[TiDB Usage Environment] Production Environment / Testing / Poc
[TiDB Version] 6.5.3 Can it be downgraded? Too many issues.
[Reproduction Path] What operations were performed that caused the issue
[Encountered Issues: Issue Symptoms and Impact]
[Resource Configuration]
[Attachments: Screenshots / Logs / Monitoring]
After the cluster upgrade was successful, two nodes kept losing leaders, causing the cluster to remain unstable, and the QPS dropped to less than 1/5 of the original. A large number of execution statements timed out, and it was not an issue with a single statement. Initially, TiFlash reported an error and was unusable. With the support of forum members, the TiFlash node was reinstalled, and normal TiFlash access was restored. Now the cluster is extremely unstable, and any SQL statement may get stuck.
Production. I thought 6.5.3 was already a fixed version, but after upgrading, the problems were very serious, and people are about to be driven to collapse.
Find a new environment (using the old cluster version), move the data back, and switch it.

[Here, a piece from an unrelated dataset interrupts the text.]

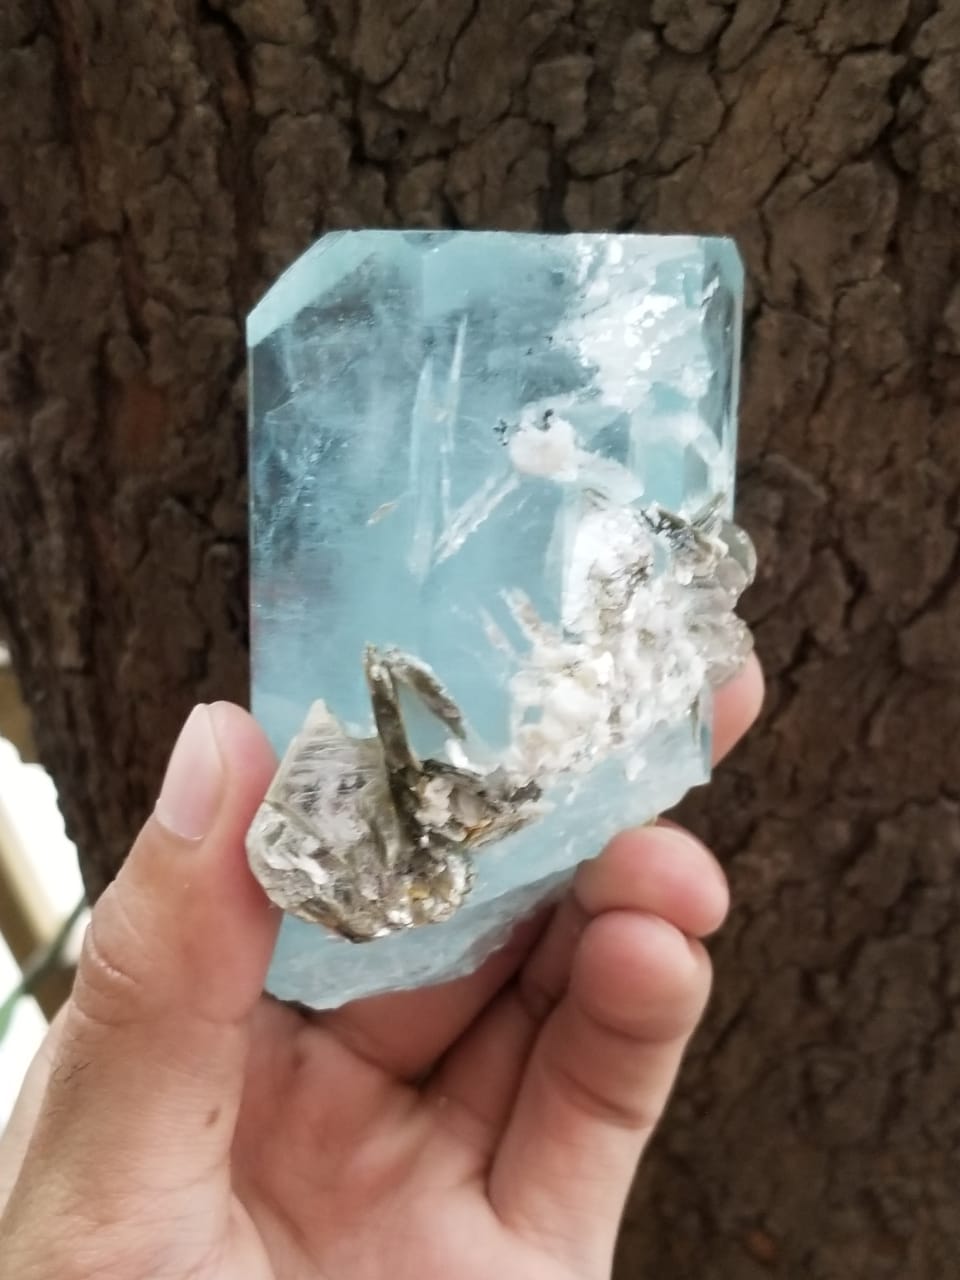 Beautiful Aquamarine crystal for sale

Organize the current issues, focusing on identifying the critical ones, and pass them up so everyone can help you review them.

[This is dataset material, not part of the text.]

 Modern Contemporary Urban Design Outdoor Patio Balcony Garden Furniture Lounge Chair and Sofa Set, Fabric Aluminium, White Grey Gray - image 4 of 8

Leader is gone? What does that mean?
TiFlash is much more stable in versions after 6.X compared to 5.X.
CDC is the same, it has even been restructured… much more stable than before…
If you expect a quicker resolution, you still need to properly organize the background and key issues (even though you are in a hurry, sharpening the axe won’t delay the job of chopping firewood, and the toothpaste squeezing method will undoubtedly increase the time cost).
My cluster is relatively large and cannot be managed in a short time. It is approximately 20TB in total, with 6 KV nodes and 2 TiFlash nodes.
1). One of the KV nodes’ leader count suddenly drops from 120K to 0, then slowly recovers to balance, but it doesn’t stay stable for more than five minutes before dropping again. This cycle repeats continuously.
2). I upgraded from 6.1.5 to 6.5.3 to resolve some issues in 6.1 (specifically the low performance of CDC, as I saw that 6.5 improved from 4000/s to 35000/s, which convinced me to upgrade).
3). CDC is practically unusable, similar to the issues other friends on the forum have encountered. Please see others’ feedback: TICDC distributing data to one table per TOPIC often inexplicably freezes, with no new data being written - Suggestions / Product Defects - TiDB Q&A Community (asktug.com). No one seems to be able to provide a clear explanation.
For example, in such a situation, can anyone help me see what’s going on…
I’ve been struggling with this for two or three days, and the entire cluster is on the verge of collapse, basically unusable.
There is a known issue with CDC where it collects some status and data information from Kafka at startup or periodically for performance and processing statistics of CDC.
However, this issue does not mention when it will be fixed…
There is a workaround, which requires modifying the source code and then packaging a patcher to skip it.
This issue is uncertain, and it might not be the one you encountered.
If the region leader is not balanced enough, you can refer to the troubleshooting guide and check it step by step.
Basically, it is a timeout issue, causing the follower to think the original leader is dead, which will initiate an election to select a new leader.
You can refer to the following for specific operations:
I currently have 6 nodes, four of which are stable, and 2 are experiencing significant drops. I have set them to not enable Leader, so they can barely run. CDC and TiFlash cannot be turned off, especially TiFlash, as business queries use TiFlash to accelerate. If TiFlash is turned off, it will cause a large number of big queries to fall on TiKV, resulting in durations of over 5 minutes. There doesn’t seem to be any obvious hotspot issues. Are there any logs that can be investigated? For example, I see something like this:
2023-06-23 19:04:30 (UTC+08:00)
TiKV 10.10.10.156:20160
[cleanup_sst.rs:119] [“get region failed”] [err=“failed to load full sst meta from disk for [242, 148, 145, 51, 128, 141, 72, 6, 165, 188, 254, 164, 106, 120, 179, 243] and there isn’t extra information provided: Engine Engine(Status { code: IoError, sub_code: None, sev: NoError, state: "Corruption: file is too short (0 bytes) to be an sstable: /data/tidb-data/tikv-20160/import/f2949133-808d-4806-a5bc-fea46a78b3f3_4080615702_42367_145285_write.sst" })”]
The log indicates that the file /data/tidb-data/tikv-20160/import/f2949133-808d-4806-a5bc-fea46a78b3f3_4080615702_42367_145285_write.sst has a size of 0. You should check if this is the case, as it seems that some data stored in this TiKV might be lost.